Amini Fonua

Personal information
- Full name: Amini Tuitavake Britteon Fonua
- National team: Tonga
- Born: 14 December 1989 (age 36) Auckland, New Zealand
- Height: 1.83 m (6 ft 0 in)
- Weight: 79 kg (174 lb)

Sport
- Sport: Swimming
- Strokes: Breaststroke, Butterfly
- College team: Texas A&M University (U.S.)
- Coach: Sandra Burrow (1999–2007, 2015), Donna Bouzaid (2007–2008), Jay Holmes (2008–2012), Jon Winter (2012)

Medal record
Men's swimming
Representing Tonga
Pacific Games
| Gold medal – first place | 2015 Port Moresby | 50 m breaststroke |
| Gold medal – first place | 2015 Port Moresby | 100 m breaststroke |
| Gold medal – first place | 2015 Port Moresby | 200 m breaststroke |
| Silver medal – second place | 2011 Noumeá | 50 m breaststroke |
| Silver medal – second place | 2011 Noumeá | 200 m breaststroke |
| Bronze medal – third place | 2011 Noumeá | 100 m breaststroke |
Oceania Swimming Championships
| Gold medal – first place | 2010 Apia | 50 m breaststroke |
| Gold medal – first place | 2012 Nouméa | 50 m breaststroke |
| Bronze medal – third place | 2010 Apia | 100 m breaststroke |
| Bronze medal – third place | 2010 Apia | 50 m butterfly |
| Bronze medal – third place | 2012 Nouméa | 50 m butterfly |

= Amini Fonua =

Tongan swimmer (born 1989)

Amini Tuitavake Britteon Fonua (born 14 December 1989) is a Tongan competitive swimmer.

== Career ==
Fonua's swimming career began at the Roskill Swimming Club based at Cameron Pool in Auckland, coached by Sandra Burrow from 1999–2007. He broke numerous Auckland and New Zealand Age Group Records under Burrow's tenure. He then moved to West Auckland Aquatics in 2007, and was coached by Donna Bouzaid. In the Fall of 2008, Fonua enrolled at Texas A&M on a swimming scholarship. While at Texas A&M he was a peer voted team captain, Big XII Conference Champion, NCAA All-American, and recipient of The Aggie Heart Award. He graduated with a Telecommunication and Multi-Media degree, with a Minor in Creative Writing in May 2013.

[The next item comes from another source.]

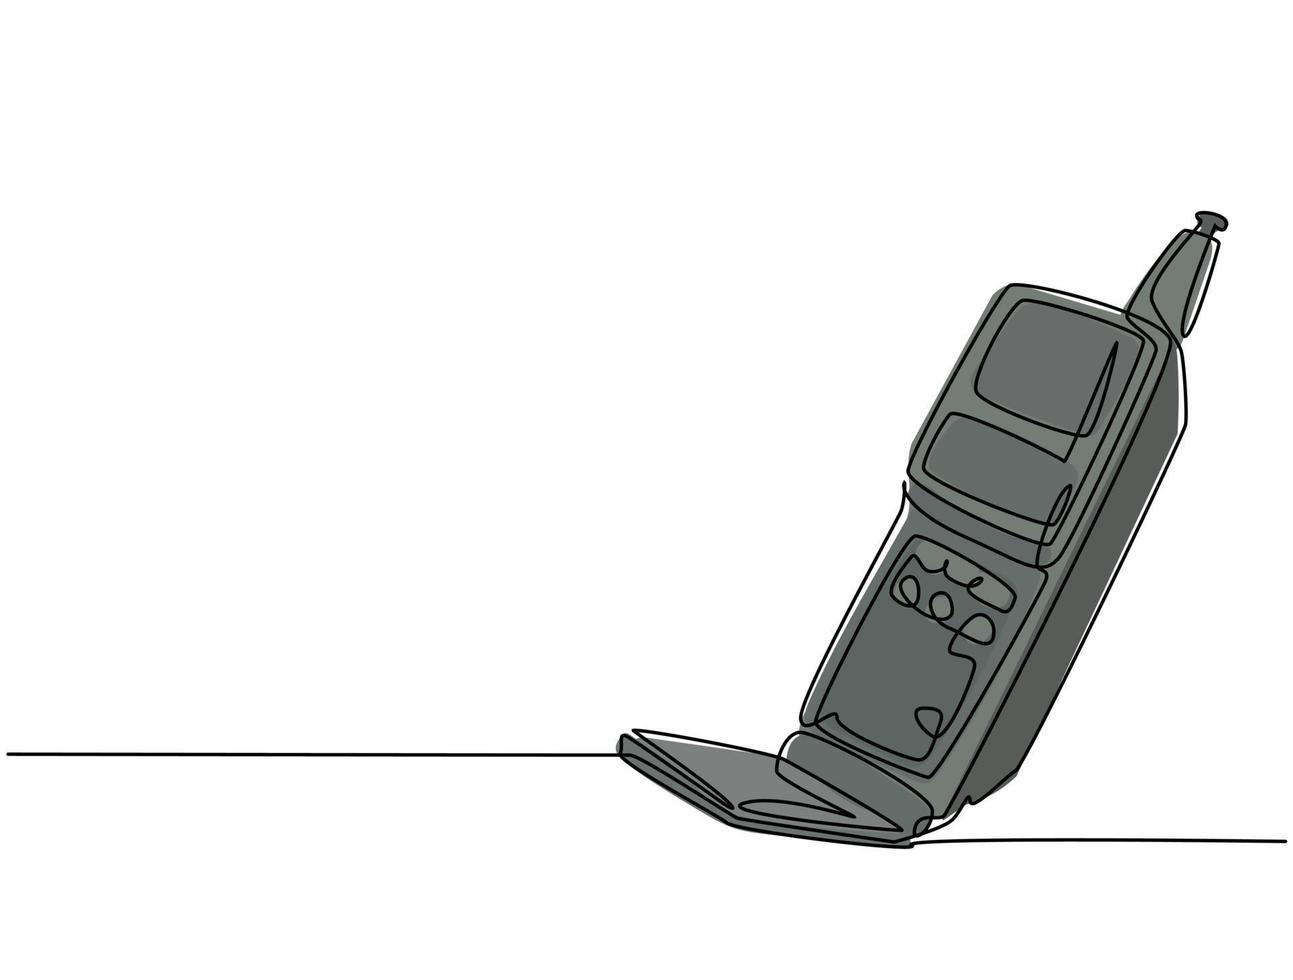 een enkele lijntekening van oude retro flip mobiele telefoon. vintage klassieke mobiele telefoon om te communiceren concept ononderbroken lijn grafisch tekenen ontwerp vectorillustratie vector

He was "the first Tongan swimmer to win a gold medal in international competition", when he took gold in the 50 metre breaststroke at the 2010 Oceania Swimming Championships.

In preparation for the 2012 London Olympics Fonua was trained by New Zealander and designated head coach for Tonga, Jon Winter. He served as his nation's flag-bearer in the 2012 Summer Olympics Parade of Nations. As a swimmer at the 2012 Summer Olympics, he competed in the Men's 100 metre breaststroke, failing to reach the semifinals.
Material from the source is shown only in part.